流浪者扶额:“我不是问你来集市买什么,我是问你,为什么会在稻妻城!”
他伸手把阿倾推进背光的巷子里:“你现在不是应该在踏鞴砂好好呆着吗,安全地受着保护,和翔太郎、阿望他们一起等候丹羽大人归来?”
阿倾:“大家都来稻妻城了!你不知道吗,我们是来筹备祭典的呀。”
“筹备祭典?”流浪者重复了一遍:“什么祭典值得你们千里迢迢从踏鞴砂赶来……”他的心里有了答案:“奉刀祭?”

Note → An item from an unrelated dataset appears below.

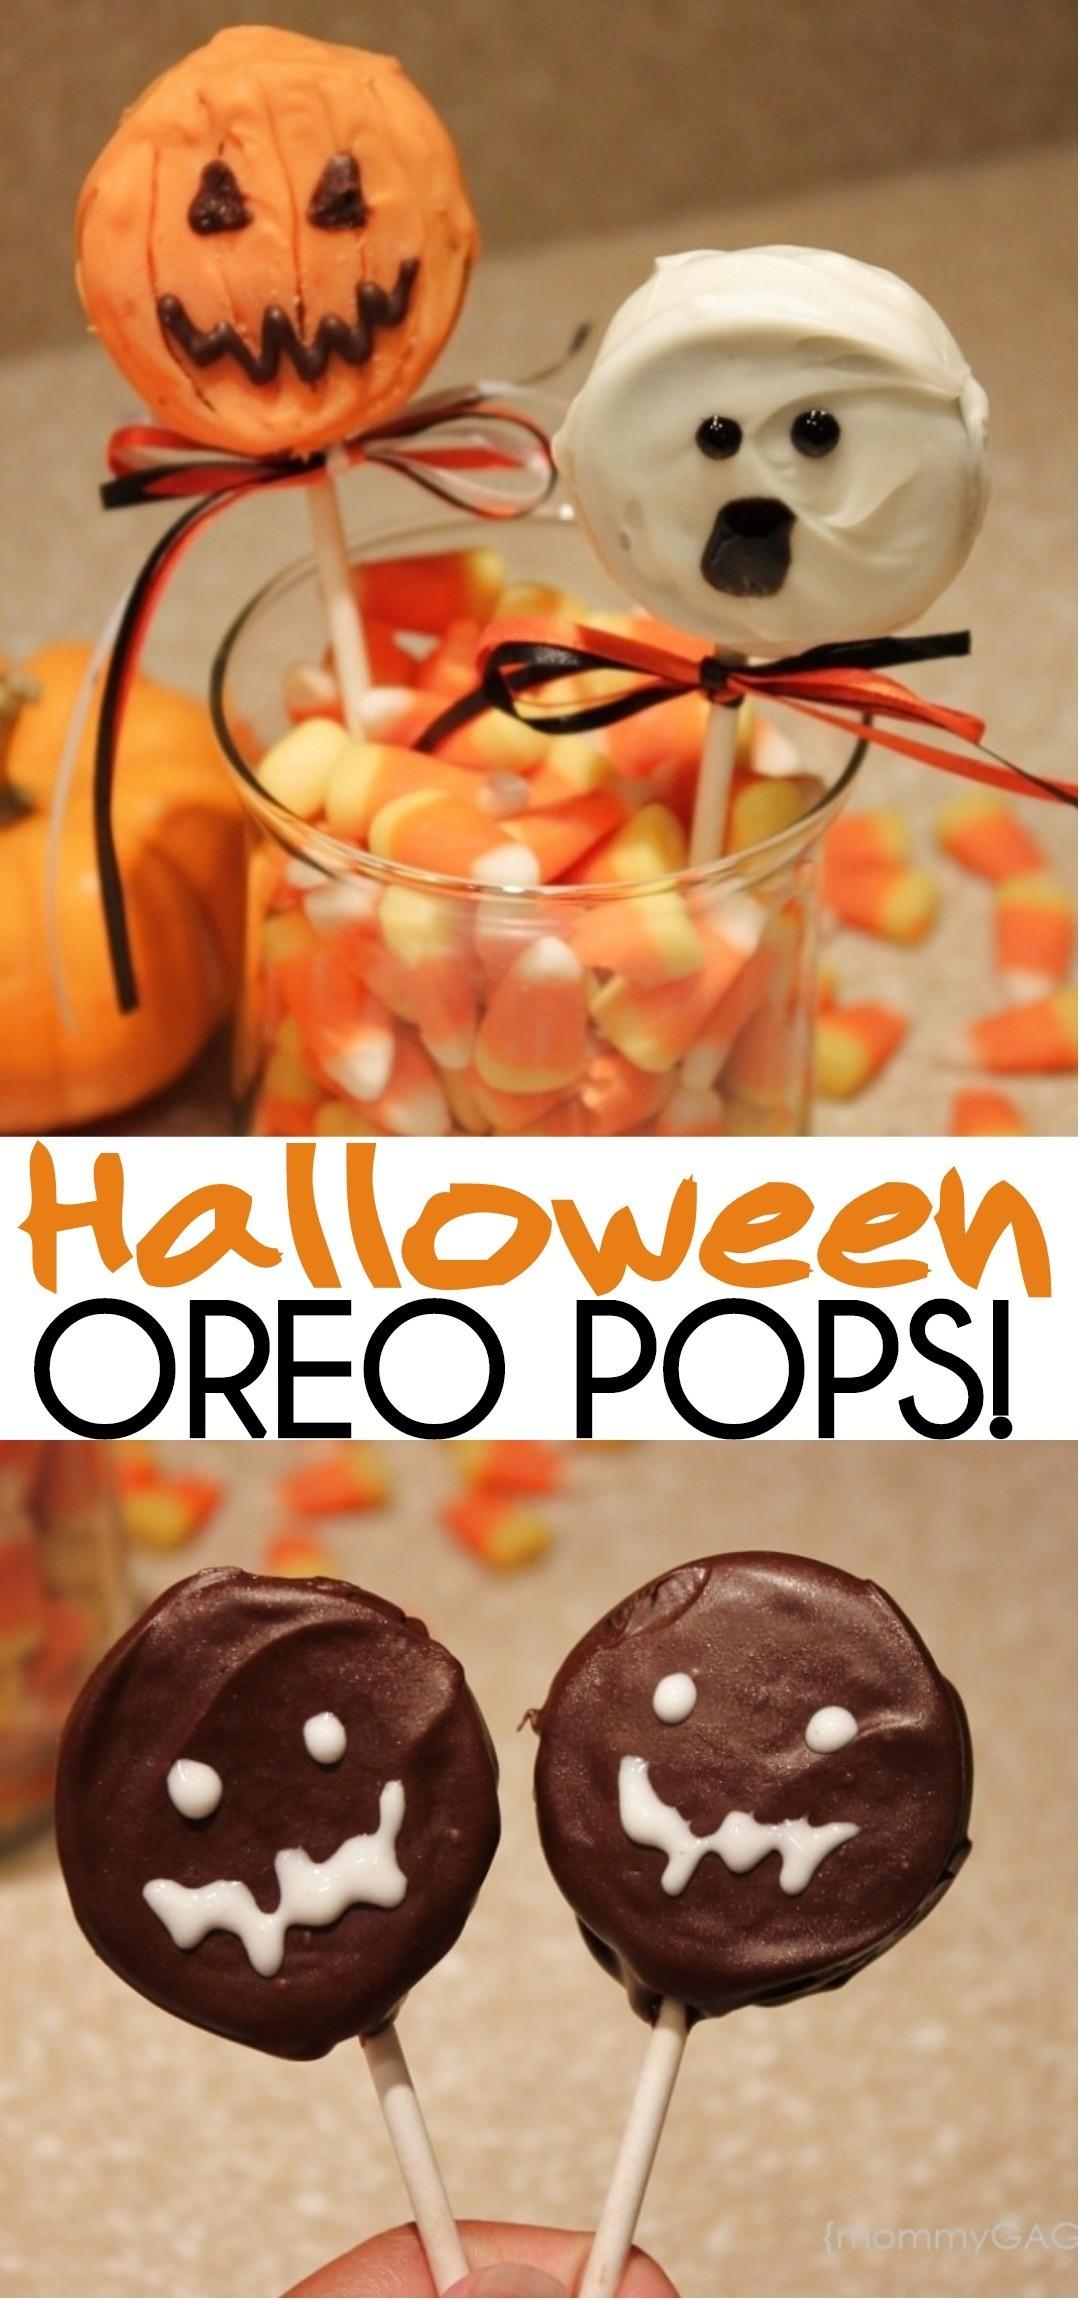 Cute Halloween Makeup Ideas: Cute Halloween Oreo Pops: Pumpkins, Ghosts And Monsters

阿倾伸出另一只空闲的手扯了扯流浪者的袖子:“确实是奉刀祭。——走啦,我带你去见大家。路上再和你说。”
阿倾带着流浪者熟稔地在稻妻城的大街小巷中穿行,一边走着一边与流浪者解说着事情的始末。原来丹羽久秀等人离去之后,虽有枫原代行司正安抚,但工匠们的内心仍惴惴不安,既惶恐雷神降罪于踏鞴砂,又担忧丹羽久秀等人遭受不公正的对待,于是有人提议举办一场奉刀祭,以取悦神明。
“枫原大人也觉得是个好主意呢。”阿倾高高兴兴地说。
流浪者狐疑地跟着阿倾穿过细窄的小巷,沿着曲折的石桥一路向下。在背河的街边,挂着“天目锻冶屋”招牌的铁匠铺映入二人眼帘。一群刀匠裸露着肌肉饱满的手臂,围挤在露天的锻冶台旁边,发出爽朗的大笑,伴着铁锤敲击铁砧的叮叮声,仿佛记忆重现一般那么清晰地传入流浪者耳中。而在房屋与树木投下的阴影里摇着扇子聊天的老人们,他们的身影也令流浪者感到如此熟悉。
“惠子婆婆!我买到绯英虾仙贝了!而且在集市里还遇到了流浪者!”阿倾向着天目锻冶屋欢快地一路小跑过去。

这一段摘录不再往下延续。